In two recent papers, philosopher of science Jim Griesemer of U.C. Davis discusses how David Wake’s salamander-based research played a key role in the unfolding of evolutionary developmental biology and the advance of evolutionary biology.
Griesemer’s theme is that in contradiction to much of what we are taught about how science is conducted, organism-based research programs are fundamentally important by providing a means of crossing disciplinary boundaries and linking different fields. He illustrates this thesis by discussing Wake’s career-long focus on plethodontid salamanders.
One paper, published last year in Studies in History and Philosophy of Biological and Biomedical Sciences, is a general treatment of the role of organism-based research programs in evolutionary biology, whereas the other explicitly discusses the role Wake’s program played in the development of evo-devo–this paper just appeared as a chapter in a new book on the famous Dahlem conference on evo-devo in 1981 (both papers may be accessed by visiting Griesemer’s webpage, scrolling down and clicking on the appropriate paper’s link).
I think one point in particular captured the essence of the papers. Quoting Wake from a 1982 paper: “it will be increasingly important for morphologists to work as developmental biologists, biomechanical engineers, mathematical biologists, molecular biologists, and even population and community ecologists. Not for a moment do I advocate departing from morphology to these areas. Rather, I believe that instead of making morphology relevant to these areas, it is morphologists who must take the lead in making neighboring disciplines relevant to morphology.’’
The papers make fascinating reading and I highly recommend checking both out. I’ll paste the abstract and part of the conclusion of the 2013 paper below.
But before doing so, I need to address one point. Some Anole Annals readers may wonder why we are using our precious pages to report on papers by a salamander biologist. There are two answers. The first, of course, is that following the lead of Ernest Williams, many anole biologists take a similar, organism-based approach to studying diverse evolutionary questions. Indeed, Wake’s work has been an inspiration to many of us in the field, from anole evolutionists to anole developmental biologists to anole natural historians.
But if that’s not enough, consider that Wake was co-author on the description of a remarkable new genus of Central American salamander named Nyctanolis and pictured below. The biology of this endangered species (N. pernix, the only species in the genus) is little known and we can only speculate to which ecomorph it belongs. Moreover, the species description was published in the festschrift honoring Ernest Williams. Clearly, David Wake is an honorary anolologist and we suggest that there is nothing left to know about salamanders and thus he should start working on anoles.

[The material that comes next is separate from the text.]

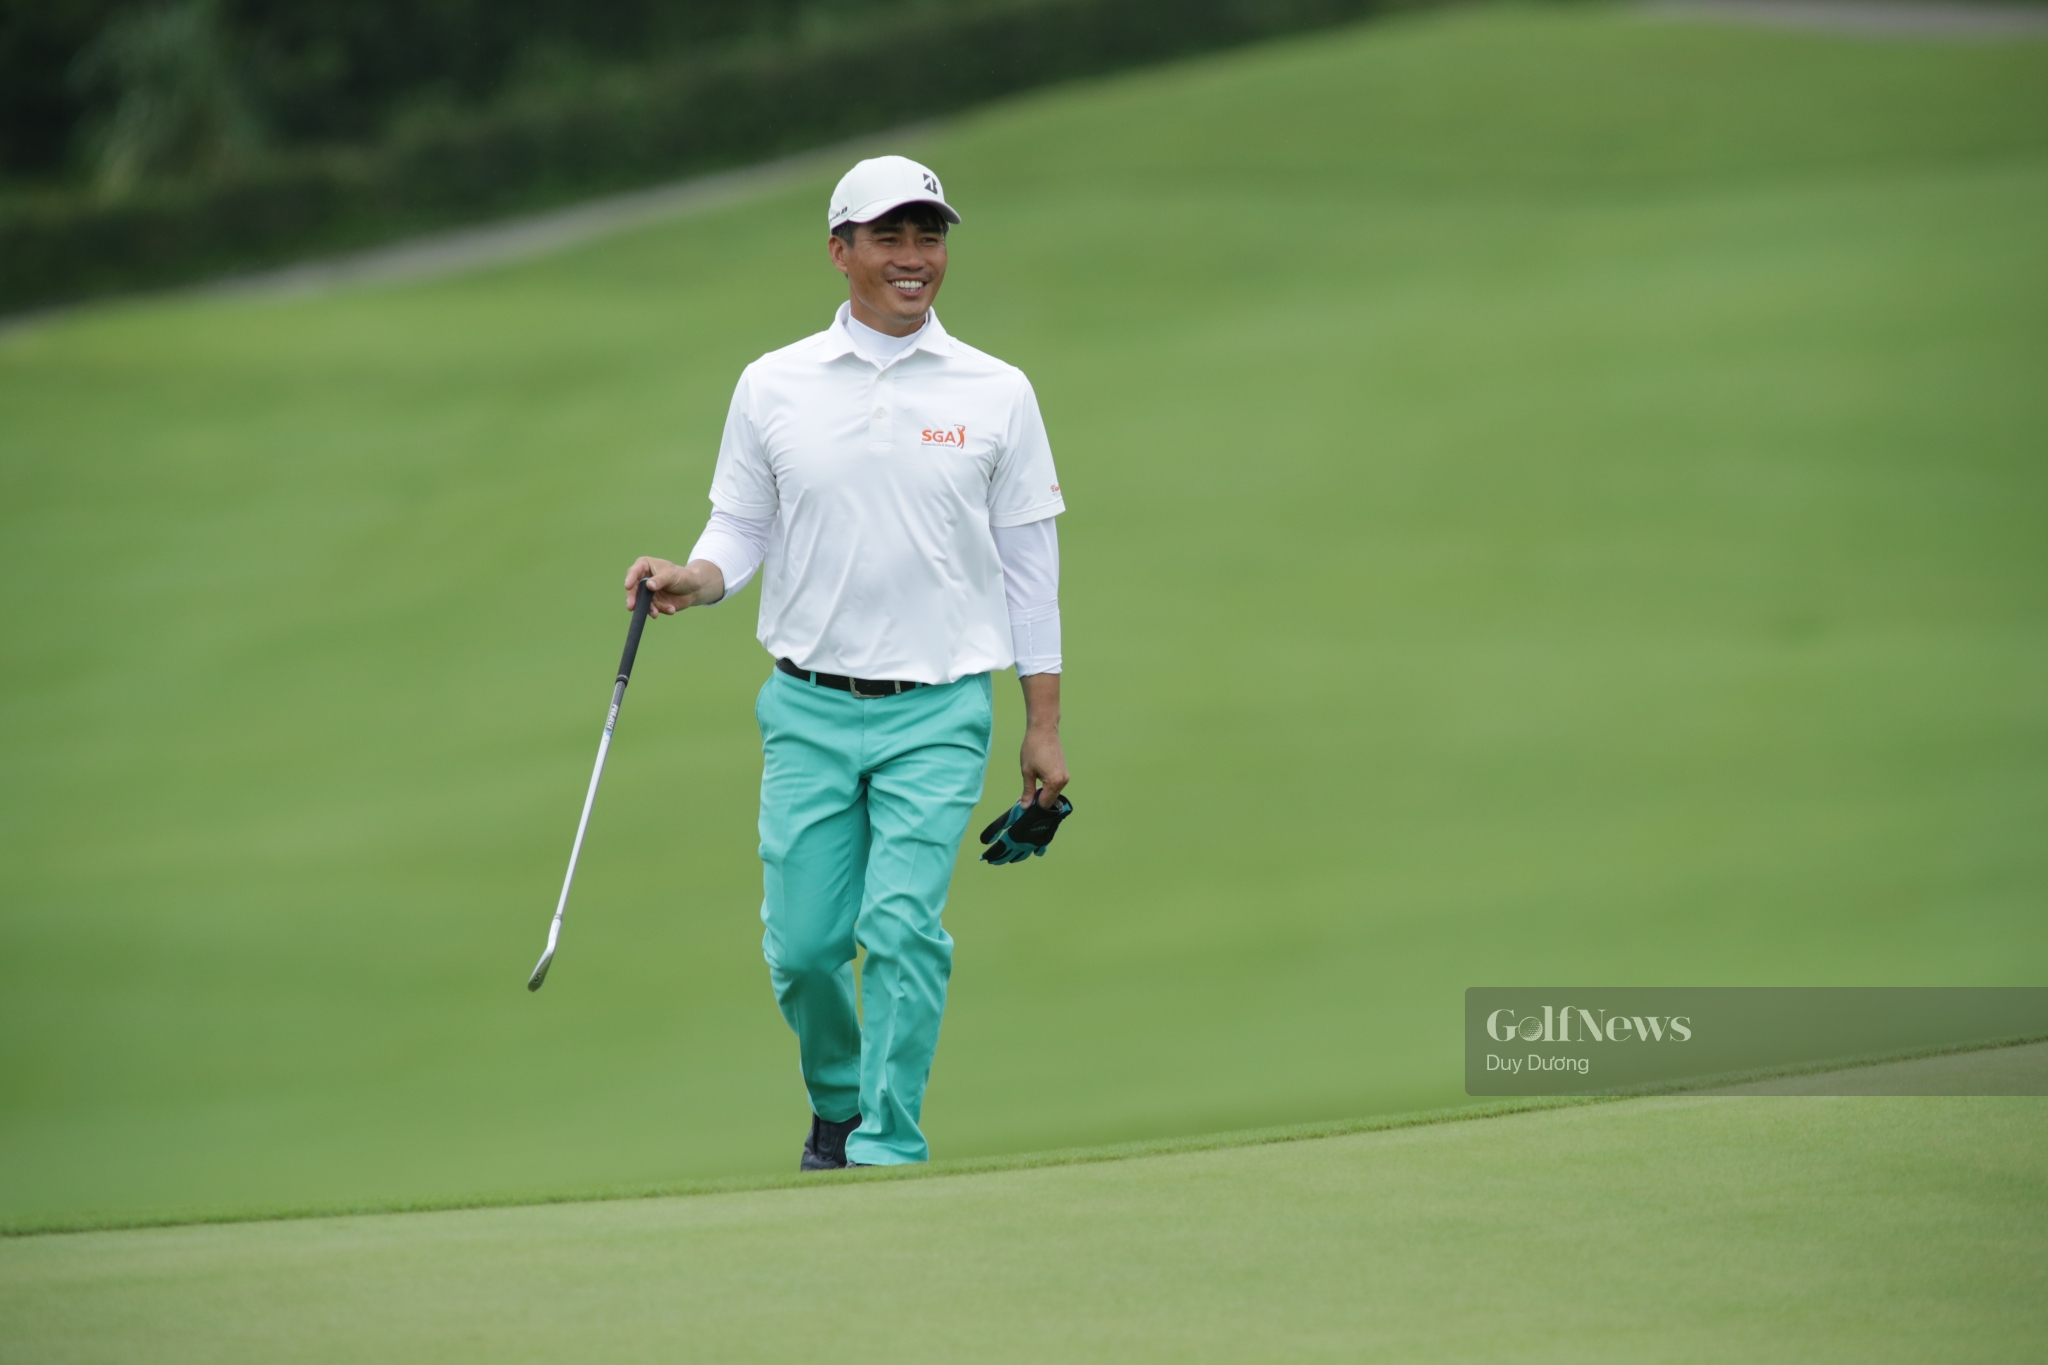 Golfer Doãn Văn Định: Danh hiệu Quốc gia 2012 mang nhiều ý nghĩa lớn

Abstract of Griesemer. 2013. Integration of approaches in David Wake’s model-taxon research platform for evolutionary morphology
What gets integrated in integrative scientific practices has been a topic of much discussion. Traditional views focus on theories and explanations, with ideas of reduction and unification dominating the conversation. More recent ideas focus on disciplines, fields, or specialties; models, mechanisms, or methods; phenomena, problems. How integration works looks different on each of these views since the objects of integration are ontologically and epistemically various: statements, boundary conditions, practices, protocols, methods, variables, parameters, domains, laboratories, and questions all have their own structures, functions and logics. I focus on one particular kind of scientific practice, integration of ‘‘approaches’’ in the context of a research system operating on a special kind of ‘‘platform.’’ Rather than trace a network of interactions among people, practices, and theoretical entities to be integrated, in this essay I focus on the work of a single investigator, David Wake. I describe Wake’s practice of integrative evolutionary biology and how his integration of approaches among biological specialties worked in tandem with his development of the salamanders as a model taxon, which he used as a platform to solve, re-work and update problems that would not have been solved so well by non-integrative approaches. The larger goal of the project to which this paper contributes is a counter-narrative to the story of 20th century life sciences as the rise and march of the model organisms and decline of natural history.